Exercise data —
○ ○ ○ ○
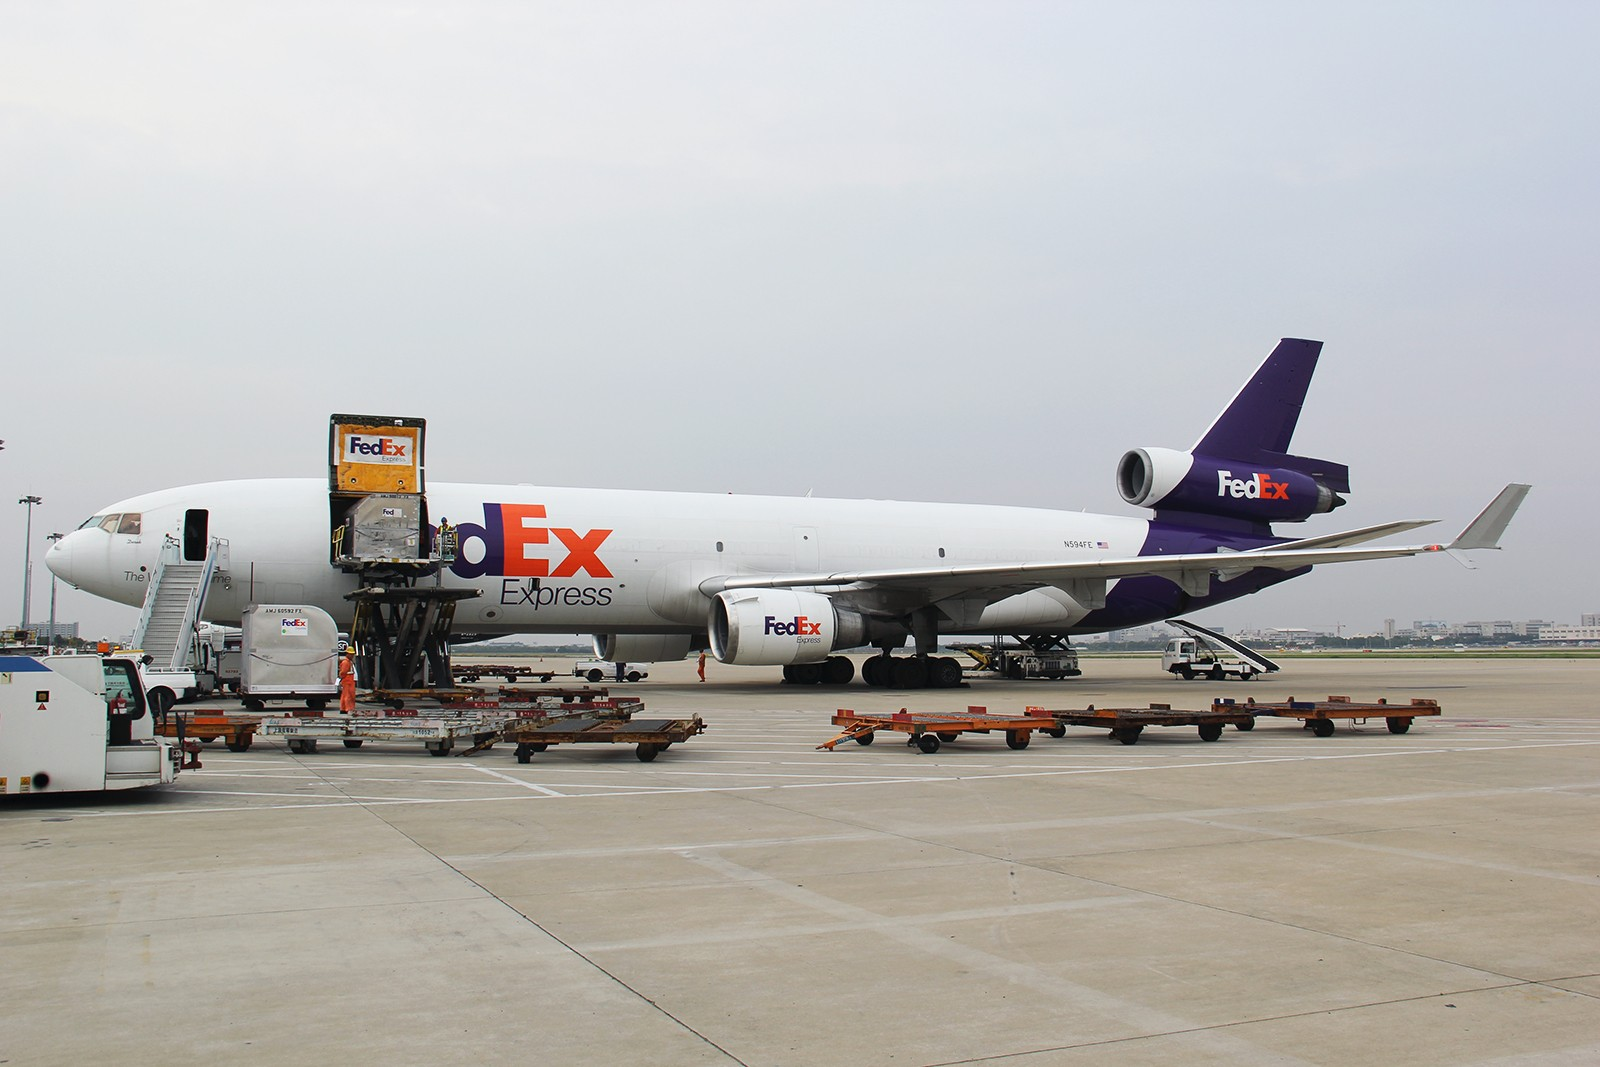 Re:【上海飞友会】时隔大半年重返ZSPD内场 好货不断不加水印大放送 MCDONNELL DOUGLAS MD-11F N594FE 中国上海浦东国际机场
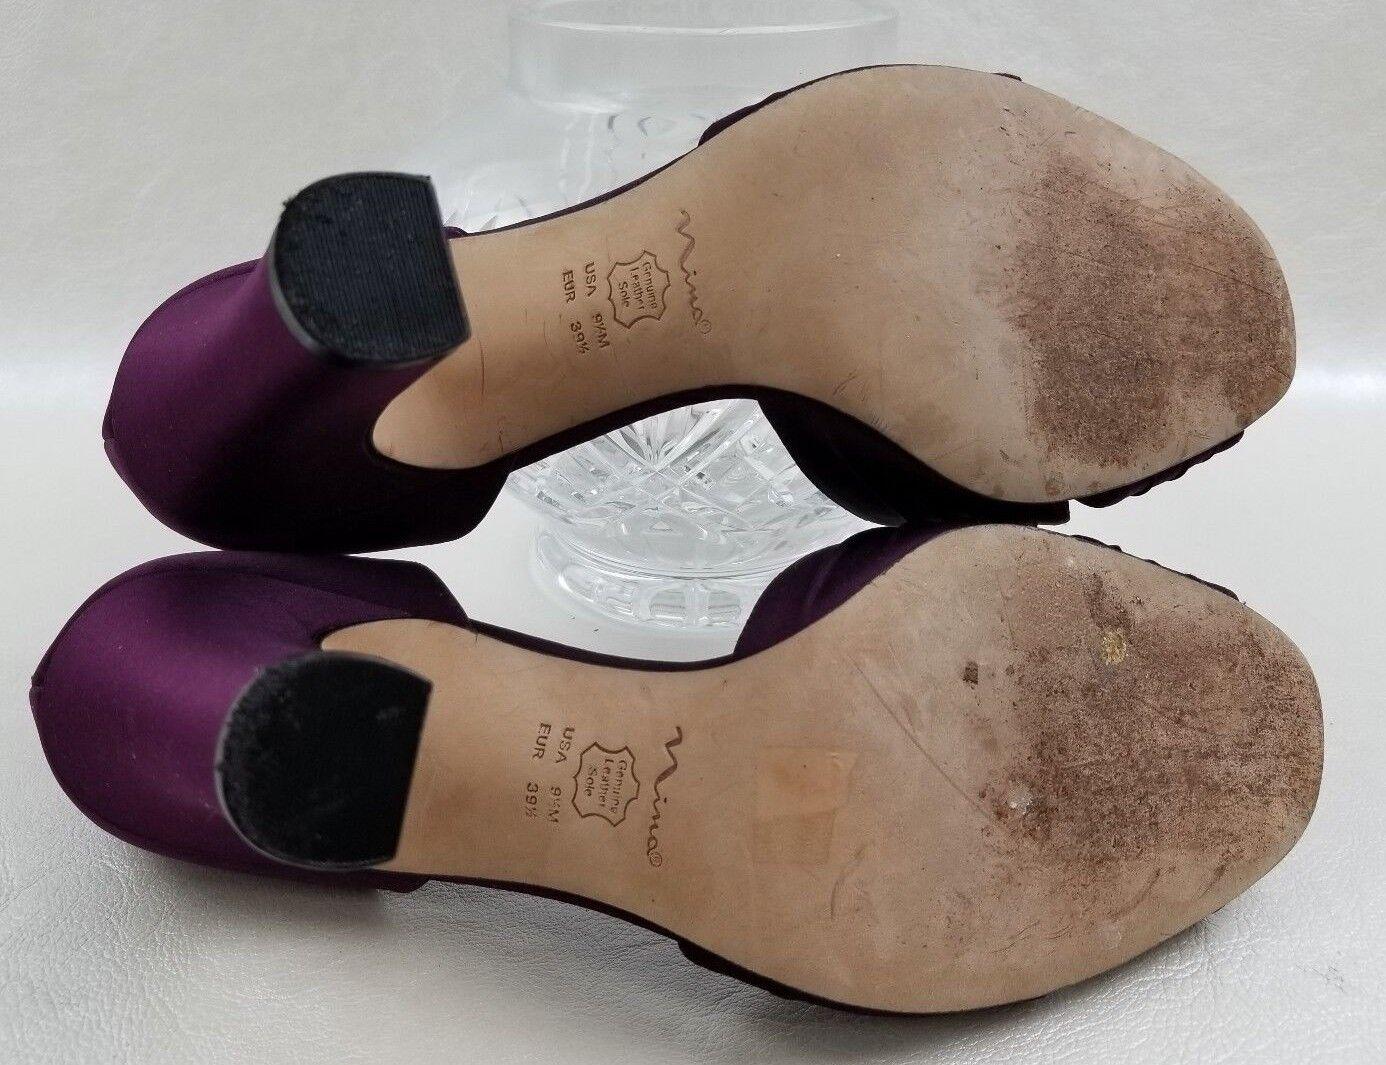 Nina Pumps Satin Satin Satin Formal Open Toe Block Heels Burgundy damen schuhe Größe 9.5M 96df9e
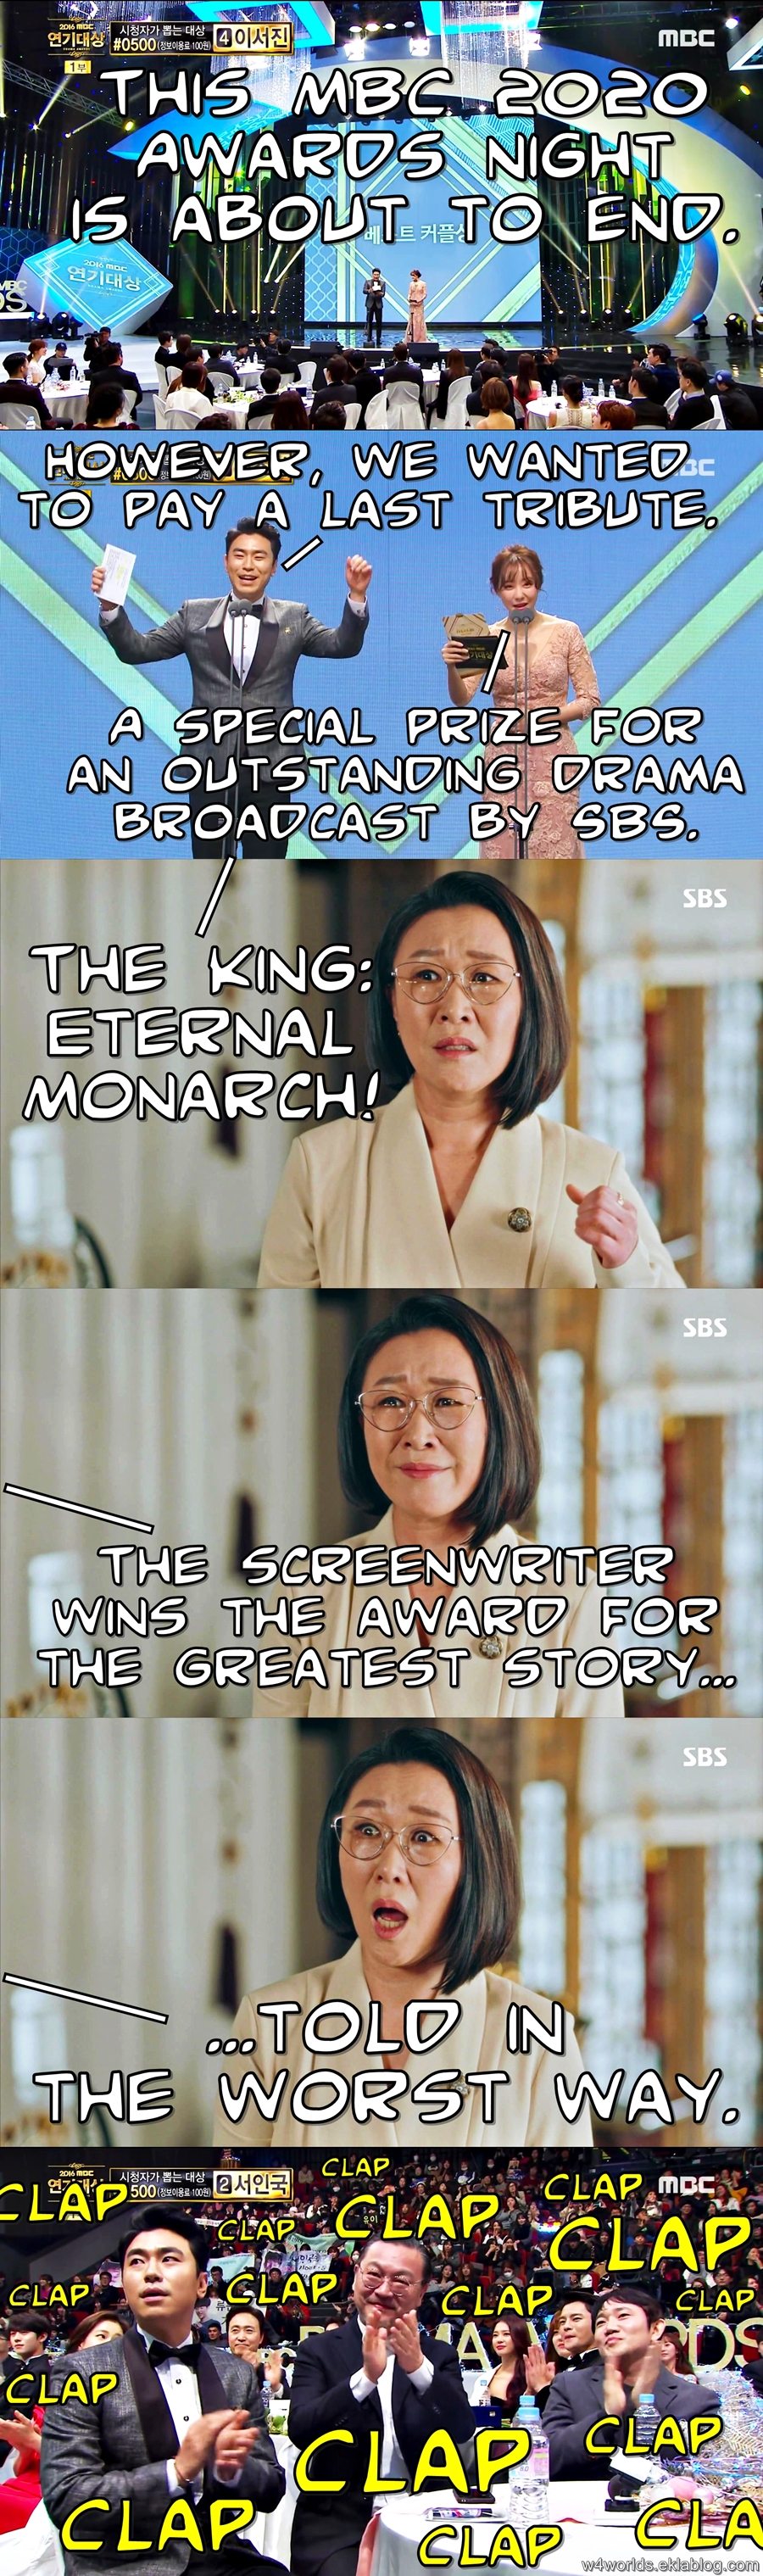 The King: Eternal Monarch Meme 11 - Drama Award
○ ○ ○ ○
Task item — Copy the listing above word for word. Do not include the pictures.

Answer area —
 Re:【上海飞友会】时隔大半年重返ZSPD内场 好货不断不加水印大放送 MCDONNELL DOUGLAS MD-11F N594FE 中国上海浦东国际机场
 Nina Pumps Satin Satin Satin Formal Open Toe Block Heels Burgundy damen schuhe Größe 9.5M 96df9e
 The King: Eternal Monarch Meme 11 - Drama Award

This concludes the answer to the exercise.